| Material supplied |
******************************

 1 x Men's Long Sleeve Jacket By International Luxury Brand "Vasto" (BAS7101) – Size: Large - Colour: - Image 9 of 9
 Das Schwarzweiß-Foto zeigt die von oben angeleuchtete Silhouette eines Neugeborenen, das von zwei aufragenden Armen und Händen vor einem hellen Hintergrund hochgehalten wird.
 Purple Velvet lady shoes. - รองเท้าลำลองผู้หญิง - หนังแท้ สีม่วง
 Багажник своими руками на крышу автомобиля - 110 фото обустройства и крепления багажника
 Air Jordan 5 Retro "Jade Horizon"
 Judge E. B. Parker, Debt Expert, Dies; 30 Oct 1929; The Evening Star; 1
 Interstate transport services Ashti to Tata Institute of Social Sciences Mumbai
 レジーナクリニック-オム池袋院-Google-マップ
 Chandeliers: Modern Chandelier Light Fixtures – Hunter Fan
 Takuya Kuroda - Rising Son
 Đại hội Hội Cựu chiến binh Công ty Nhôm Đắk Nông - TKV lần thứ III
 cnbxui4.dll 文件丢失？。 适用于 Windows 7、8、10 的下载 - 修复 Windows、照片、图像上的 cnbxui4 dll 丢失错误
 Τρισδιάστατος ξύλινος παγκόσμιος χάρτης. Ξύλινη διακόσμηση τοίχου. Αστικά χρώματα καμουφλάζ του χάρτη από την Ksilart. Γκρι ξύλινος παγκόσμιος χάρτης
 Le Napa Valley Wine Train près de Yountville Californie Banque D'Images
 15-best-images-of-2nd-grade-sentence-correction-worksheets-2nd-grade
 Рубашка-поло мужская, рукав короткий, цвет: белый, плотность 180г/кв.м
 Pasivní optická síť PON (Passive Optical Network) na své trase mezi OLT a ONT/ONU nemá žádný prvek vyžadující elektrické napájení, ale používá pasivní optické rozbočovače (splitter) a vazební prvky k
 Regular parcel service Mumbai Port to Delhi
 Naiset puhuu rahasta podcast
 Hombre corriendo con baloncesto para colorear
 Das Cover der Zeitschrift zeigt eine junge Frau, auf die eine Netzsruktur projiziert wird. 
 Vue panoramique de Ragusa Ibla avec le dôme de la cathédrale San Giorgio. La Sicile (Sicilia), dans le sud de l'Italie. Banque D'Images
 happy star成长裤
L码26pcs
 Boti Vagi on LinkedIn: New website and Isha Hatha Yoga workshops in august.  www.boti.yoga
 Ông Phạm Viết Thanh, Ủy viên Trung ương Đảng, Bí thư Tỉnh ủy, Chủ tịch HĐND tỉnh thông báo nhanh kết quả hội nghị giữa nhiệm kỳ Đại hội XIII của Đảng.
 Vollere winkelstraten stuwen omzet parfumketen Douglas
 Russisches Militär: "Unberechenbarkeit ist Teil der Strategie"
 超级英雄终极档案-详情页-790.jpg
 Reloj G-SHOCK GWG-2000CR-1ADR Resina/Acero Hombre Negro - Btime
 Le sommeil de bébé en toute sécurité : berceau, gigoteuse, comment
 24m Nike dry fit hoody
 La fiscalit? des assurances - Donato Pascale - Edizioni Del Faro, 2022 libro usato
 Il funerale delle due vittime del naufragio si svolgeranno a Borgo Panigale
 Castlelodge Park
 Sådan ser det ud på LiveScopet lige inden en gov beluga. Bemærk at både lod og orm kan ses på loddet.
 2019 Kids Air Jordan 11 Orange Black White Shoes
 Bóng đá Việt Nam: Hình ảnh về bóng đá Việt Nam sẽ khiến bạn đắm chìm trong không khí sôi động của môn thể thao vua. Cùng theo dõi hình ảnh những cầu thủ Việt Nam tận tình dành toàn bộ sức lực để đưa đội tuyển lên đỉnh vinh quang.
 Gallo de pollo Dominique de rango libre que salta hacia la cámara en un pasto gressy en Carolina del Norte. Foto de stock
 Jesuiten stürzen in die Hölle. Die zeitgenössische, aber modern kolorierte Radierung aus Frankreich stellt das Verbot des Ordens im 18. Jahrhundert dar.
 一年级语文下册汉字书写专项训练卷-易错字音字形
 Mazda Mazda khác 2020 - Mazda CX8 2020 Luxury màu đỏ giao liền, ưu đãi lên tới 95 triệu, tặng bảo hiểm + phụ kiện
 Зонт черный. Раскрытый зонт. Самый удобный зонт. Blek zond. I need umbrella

******************************

Please return exactly the lines from the first line of the material through the one with "Pasivní optická síť", and no lines after it.

 1 x Men's Long Sleeve Jacket By International Luxury Brand "Vasto" (BAS7101) – Size: Large - Colour: - Image 9 of 9
 Das Schwarzweiß-Foto zeigt die von oben angeleuchtete Silhouette eines Neugeborenen, das von zwei aufragenden Armen und Händen vor einem hellen Hintergrund hochgehalten wird.
 Purple Velvet lady shoes. - รองเท้าลำลองผู้หญิง - หนังแท้ สีม่วง
 Багажник своими руками на крышу автомобиля - 110 фото обустройства и крепления багажника
 Air Jordan 5 Retro "Jade Horizon"
 Judge E. B. Parker, Debt Expert, Dies; 30 Oct 1929; The Evening Star; 1
 Interstate transport services Ashti to Tata Institute of Social Sciences Mumbai
 レジーナクリニック-オム池袋院-Google-マップ
 Chandeliers: Modern Chandelier Light Fixtures – Hunter Fan
 Takuya Kuroda - Rising Son
 Đại hội Hội Cựu chiến binh Công ty Nhôm Đắk Nông - TKV lần thứ III
 cnbxui4.dll 文件丢失？。 适用于 Windows 7、8、10 的下载 - 修复 Windows、照片、图像上的 cnbxui4 dll 丢失错误
 Τρισδιάστατος ξύλινος παγκόσμιος χάρτης. Ξύλινη διακόσμηση τοίχου. Αστικά χρώματα καμουφλάζ του χάρτη από την Ksilart. Γκρι ξύλινος παγκόσμιος χάρτης
 Le Napa Valley Wine Train près de Yountville Californie Banque D'Images
 15-best-images-of-2nd-grade-sentence-correction-worksheets-2nd-grade
 Рубашка-поло мужская, рукав короткий, цвет: белый, плотность 180г/кв.м
 Pasivní optická síť PON (Passive Optical Network) na své trase mezi OLT a ONT/ONU nemá žádný prvek vyžadující elektrické napájení, ale používá pasivní optické rozbočovače (splitter) a vazební prvky k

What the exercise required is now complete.